I have to move because I want to do big things and I want to up my game. There are just more greats, by sheer numbers, in NYC and LA. If you’re going to try and jump over the bar, you have to put yourself in front of it
What IS the next step for you?
I mean… I love doing standup and I love producing shows that showcase standup in new and interesting ways. I’m super proud of Boston and deeply in love with some of my fellow comics. To find a way to bring what I do now to its next level… to increase its reach and viewership… to drive my own personal agenda in comedy and spread my unique signature of joy… help some people while I do it… that’s the dream.
I’ve been doing these rave/standup comedy hybrid shows that are a hoot. Next one is at Club Oberon in Cambridge on May 27th and it’s a benefit for this AMAZING choir in town, Coro Allegro.

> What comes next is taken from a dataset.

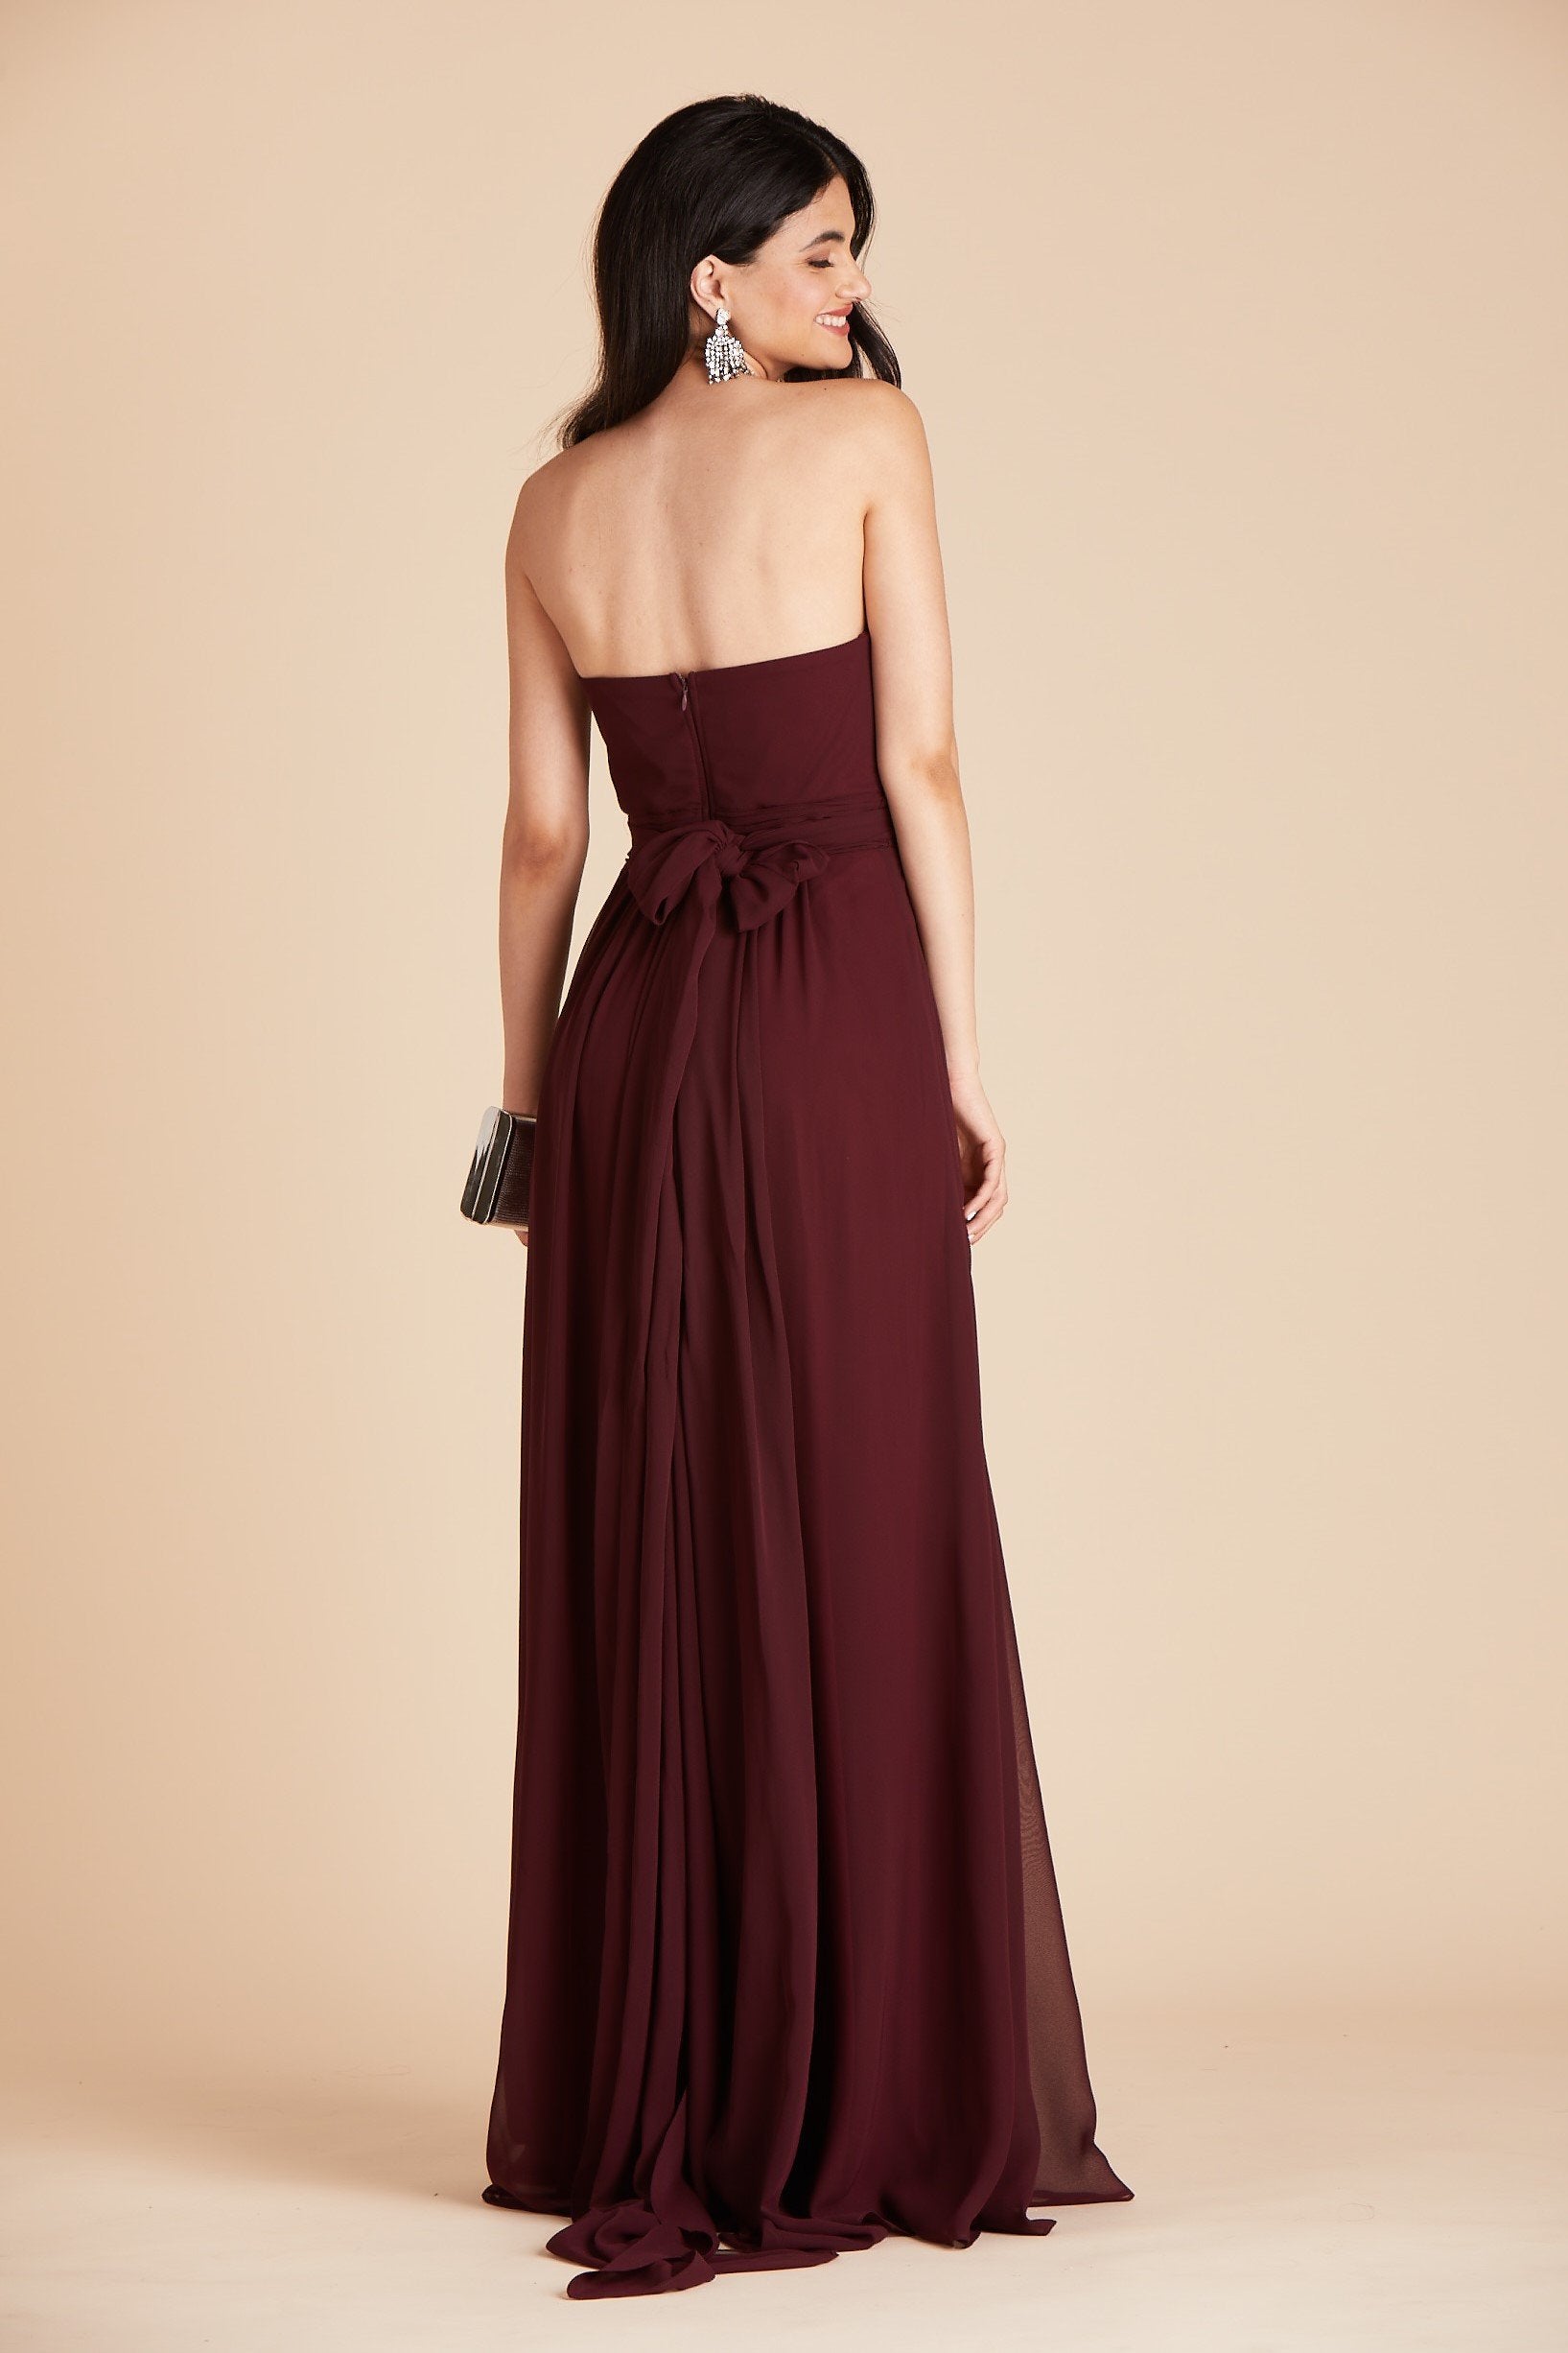 Grace convertible bridesmaid dress in cabernet burgundy chiffon by Birdy Grey, back view

And on May 14th, I’m in the Montreal Just for Laughs Comedy Festival final audition round in NYC.
We’ll see!
What's the worst show you've ever done?
There have been some doozies. Like the one where a Latina lesbian chased me off the stage while the audience was like, “she’s right!” I had made a joke about the blind children of Mexico being more violent than their blind peers from other countries… because they think everything is full of candy. It was a shitty drag show and most of the audience was made up of these white-guilt liberals who didn’t cotton to my political incorrectness. The host was off somewhere not giving a fuck about the show. Meanwhile, I was doing my residency that month at the Comedy Studio AND I was on my second day of waking up at 3AM to film 20 spastic episodes of Deal or No Deal (if you look them up, I will find you and kill you.) So I was at the end of my rope anyhow and having some crazy Latina all up in my grill on a shitty runway stage was more than I was interested in for the night. I promptly collected my shit and got the fuck out of Dodge. Mind you, I felt FINE about leaving and never really thought about it again. If we’re talking about shows where I’ve hated myself afterward and/or hidden in public toilets and/or not left my apartment for a week over… well… that’s a whole other interview.